Case 1: SparkCognition
In December 2017, the US Department of Energy awarded SparkCognition an award to use artificial intelligence to increase the amount of electricity generated by coal-fired power plants. The company combines analytics, sensors and data generated in operations to predict when critical infrastructure will collapse.
Case 2: AES Corporation
In September 2017, US energy giant AES Power announced plans to enter artificial intelligence as a means of improving the company's vigilance, efficiency and protection of its assets, primarily for their solar power plants and grid systems.
Upstream Exploration
Case 1: BP Ventures (British Petroleum Ventures) Beyond Limits
BP Ventures invested in an artificial intelligence company called Beyond Limits. The company has been involved in exploration experiments conducted in outer space. Investing in Beyond Limits, BP Ventures said it plans to use Beyond Limits' oil and gas exploration technology to find new oil reserves.
Case 2: Chevron
Oil giant Chevron is using artificial intelligence to find new wells across California and old wells with added value.
Energy Consumption
By monitoring the energy consumption behavior of individuals and businesses, artificial intelligence can provide solutions to optimize energy consumption processes.
Case 1: Alphabet's Nest
Nest, a subsidiary of Alphabet, has developed an intelligent thermostat that can reduce energy consumption by automatically adapting to user behavior.

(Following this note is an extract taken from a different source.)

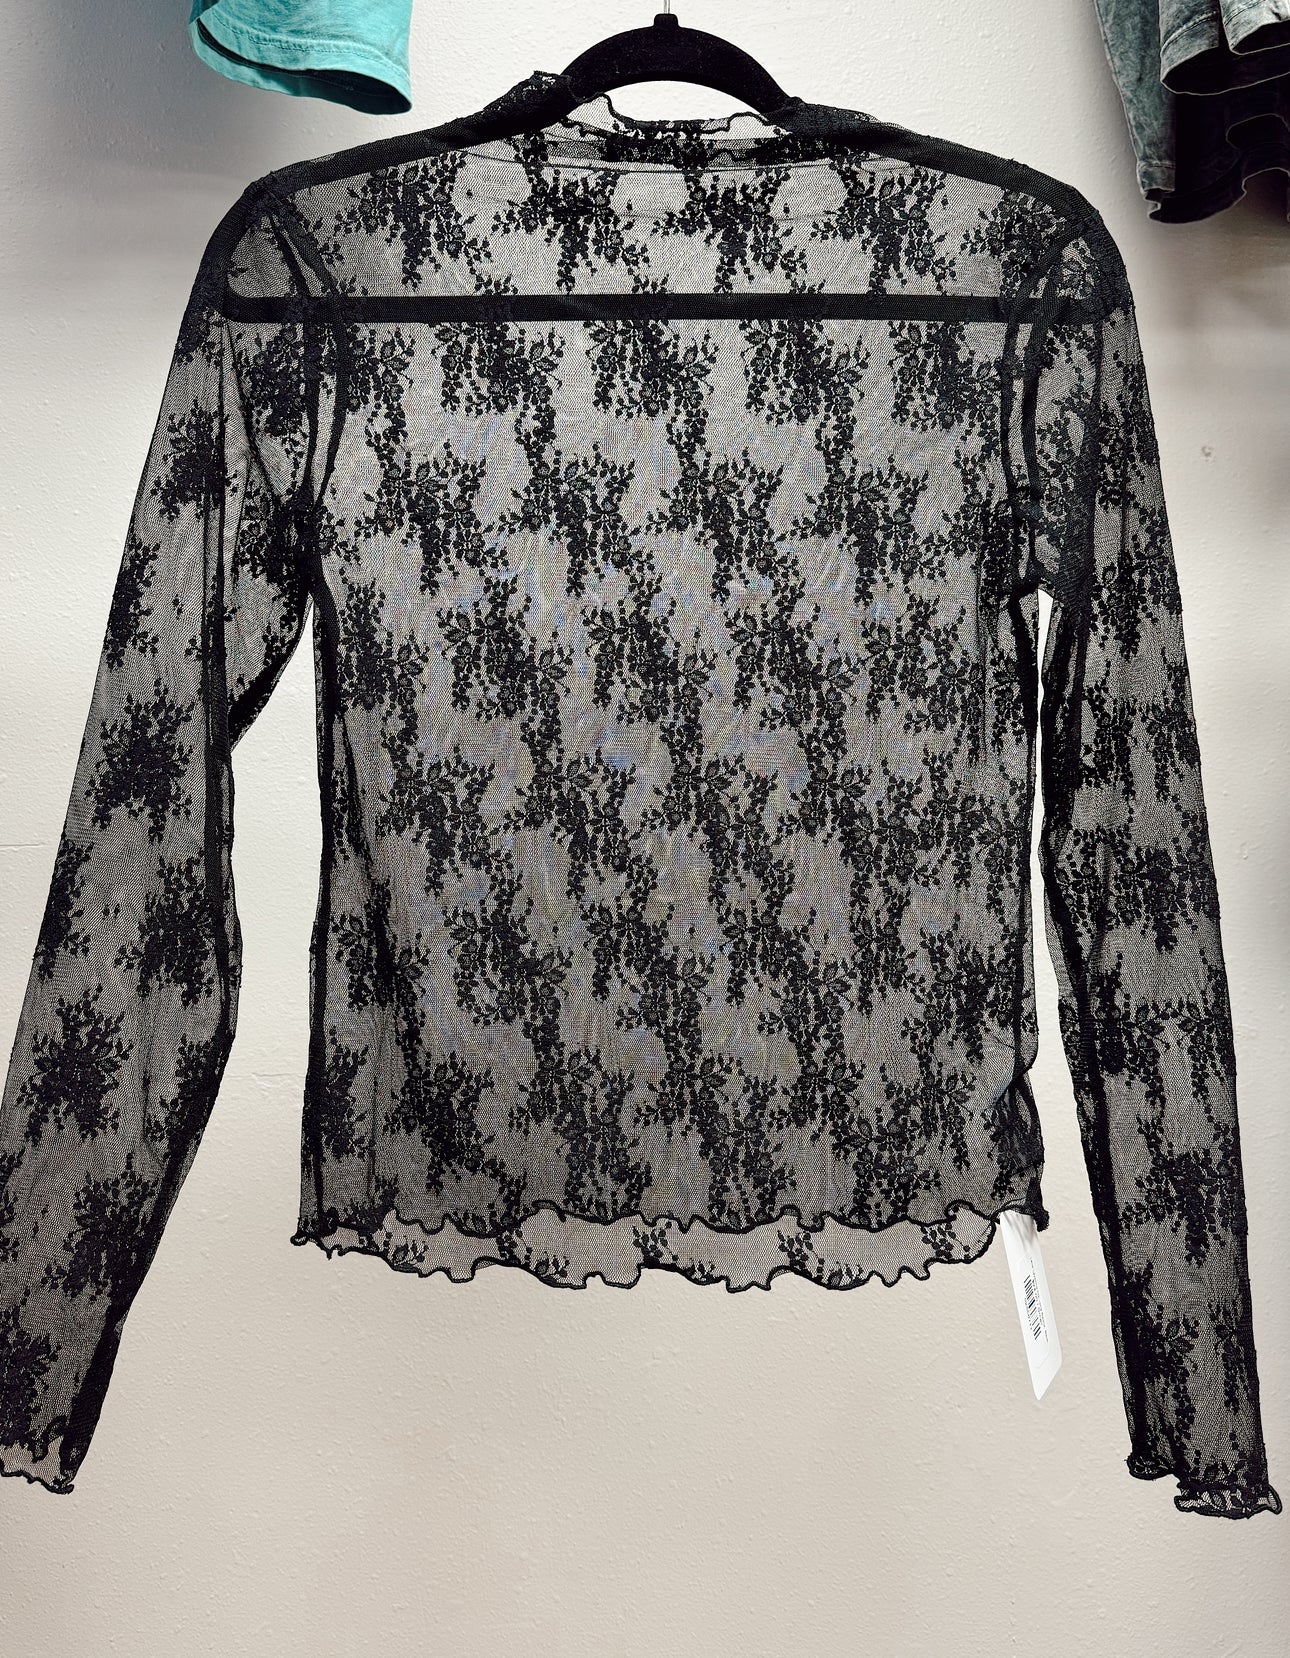 Lace Layering Top Long Sleeve, Black
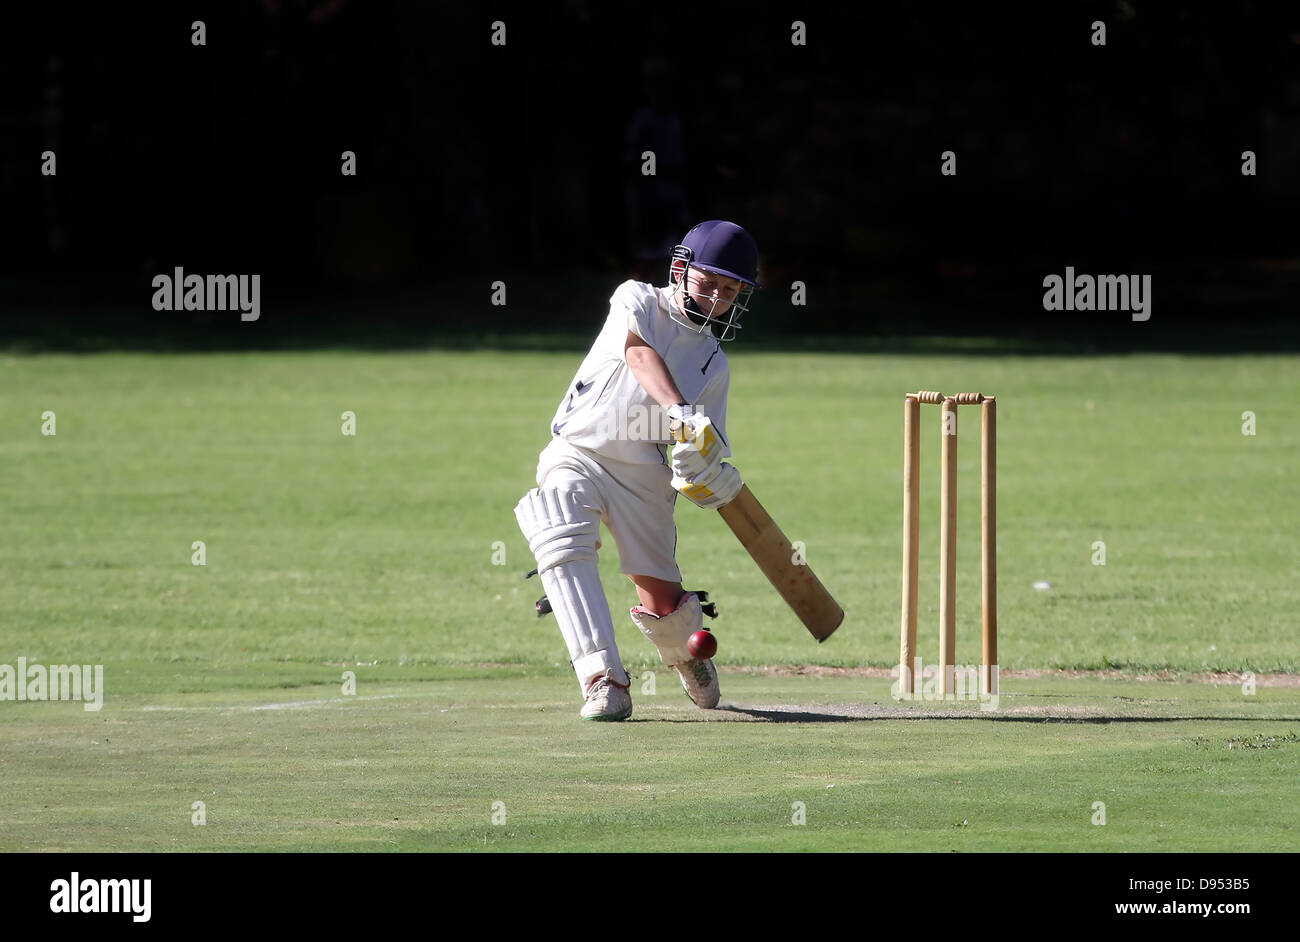 A young boy playing a straight drive cricket shot Stock Photo

Once Nest is installed in the user's home, it will begin to learn the living habits of the occupants and adjust the temperature accordingly. According to Nest, the company's technology has saved its users 10% to 12% of heating costs.
Case 2: Nnergix
Nnergix, Spain, uses machine learning technology to predict the impact of atmospheric and weather conditions on renewable energy capacity, such as estimating the amount of electricity generated per hour by a photovoltaic power plant.
Case 3: Google Sunroof
Google released a tool called Sunroof to calculate the impact of solar energy on American families. The project uses several factors to calculate how much money can be saved using solar energy, including weather data, electricity bills, 3D modeling, and shadow calculations.